# Yamaha HTR-6130 help



## madman78 (Jan 18, 2010)

Hi guys and gals,

I recently built a home theatre and was feeling quite proud of myself. I not only did all the construction but I wired everything and installed all the equipment to have it all work perfectly and I`m really happy with it. Yesterday however, I went to my brother-in-law`s to help him install a Yamaha HTR-6130 AV reciever and am having huge problems with the sound. 

Firstly, I have realized that there is no way to send all picture out via HDMI. I knew that it does not upconvert but I still thought that it could carry the signal from devices hooked up via compnent or composite to the TV but not so. No big deal, I will have to buy another component video cable to bring up to their TV. 

The second problem however, I could not figure out on my own; it is the sound. I know that it is HDMI passthough so I have the HDMI from the LD Blue ray player to the reciever along with an optical Sound cable. Then I have HDMI out to the TV. I have programed it to connect the two together (DVD sound imput was labelled as coaxial sound originally). There are two problems with the sound. Firstly, there is voices coming out of all 5 speakers and the disply on the reciever shows only 2 speakers on it. I assume that it should show all 5 speakers if it is outputting to all five. So I am not sure exactly what is happening here? Is it sending out just 2 channels of sound but to all five speakers or is this part of Yamaha`s Cinema DSP system of producing 5.1 surround sound (ie that voices come out of all five channels)? 

Either way we left it hooked up as is and let them try it out. When watching a movie last night they said that the sound kept cutting out and that the PCM indicater kept flashing on and off with the sound cutting in and out. I know that Yamaha does alot of it`s own decoding etc so I`m not sure what`s happening here. It was happening with two different DVDs. For the record I have audio select set to Auto.

Any help is greatly appreciated. I feel like a bit of a dufus not being able to figure it out for them. They were asuming (as was I) that this would be a piece of cake after setting up a way more complicated system of my own.


----------



## tonyvdb (Sep 5, 2007)

madman78 said:


> There are two problems with the sound. Firstly, there is voices coming out of all 5 speakers and the disply on the reciever shows only 2 speakers on it. I assume that it should show all 5 speakers if it is outputting to all five. So I am not sure exactly what is happening here?
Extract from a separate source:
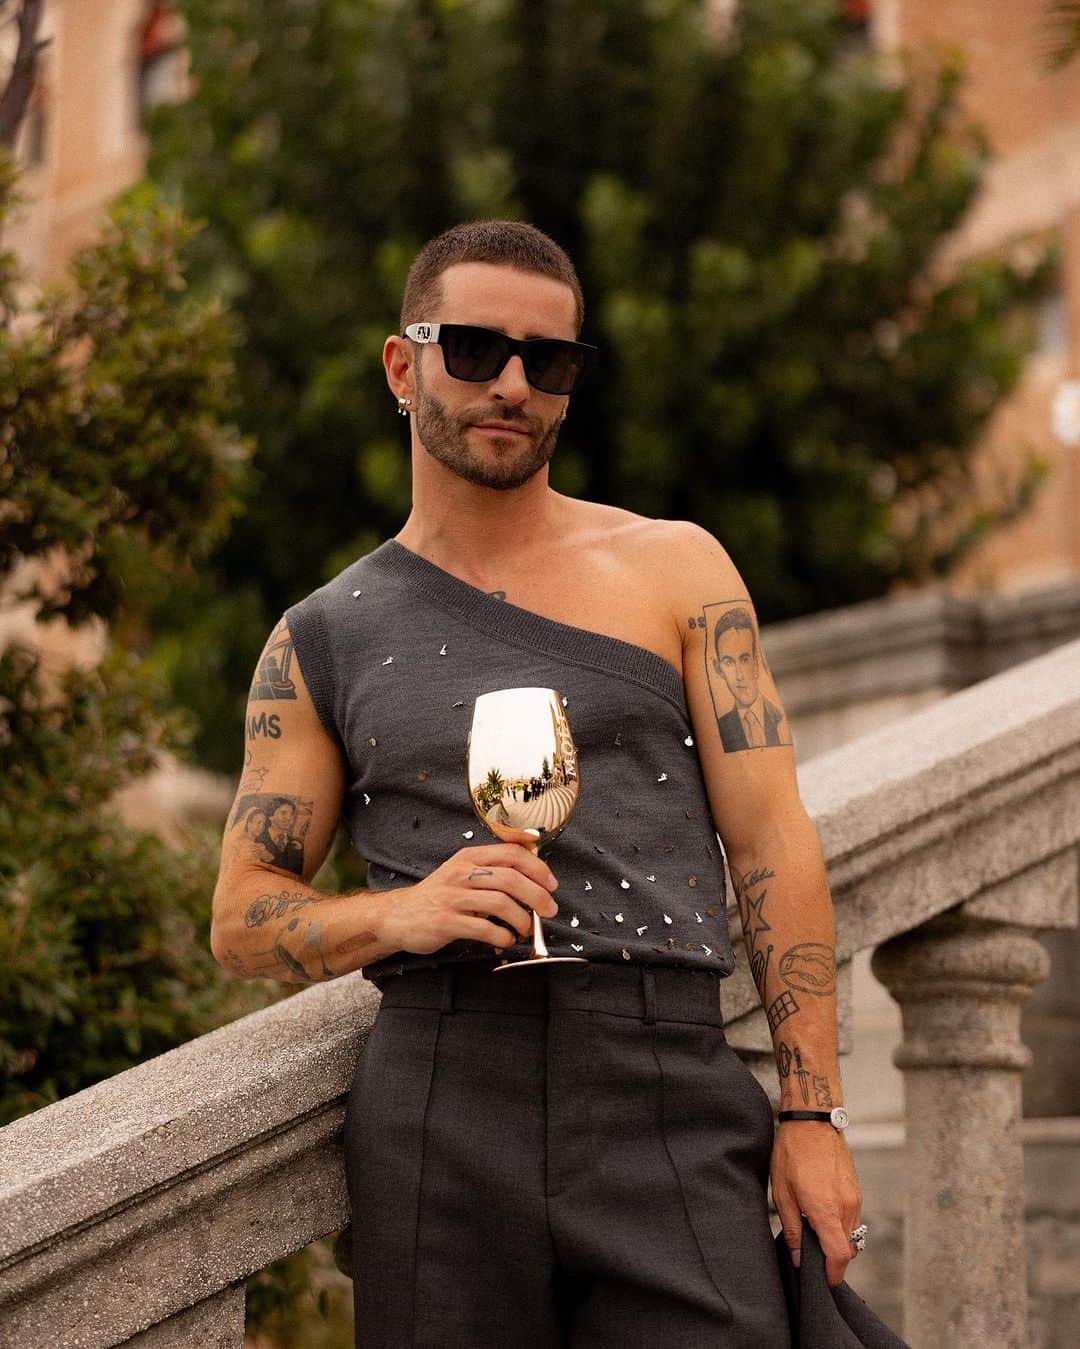 Moët & Chandon Officialのインスタグラム：「A toast to elegance, cinema and togetherness. Embrace the unique atmosphere of the 80th Venice International Film Festival with our guests @pelayodiaz @vickykaya_ @kamo.mafokwane  #ToastWithMoet #MoetChandon #Venezia80  This material is not intended to be viewed by persons under the legal alcohol drinking age or in countries with restrictions on advertising on alcoholic beverages. ENJOY MOËT RESPONSIBLY.」

What you are seeing if only two of the indicators are lit up is that it is only receiving a stereo audio signal and is normal the receiver, depending on what processing mode you have selected will expand it to all the channels. You will see 5 or even 7 indicators if it is receiving digital 5.1 or 7.1 audio.



> When watching a movie last night they said that the sound kept cutting out and that the PCM indicater kept flashing on and off with the sound cutting in and out. I know that Yamaha does alot of it`s own decoding etc so I`m not sure what`s happening here. It was happening with two different DVDs. For the record I have audio select set to Auto.


On the DVD player you should have bitstream selected under the audio menu. Im not sure why it was dropping in and out but maybe try a different HDMI or optical cable.


----------



## madman78 (Jan 18, 2010)

tonyvdb said:


> On the DVD player you should have bitstream selected under the audio menu. Im not sure why it was dropping in and out but maybe try a different HDMI or optical cable.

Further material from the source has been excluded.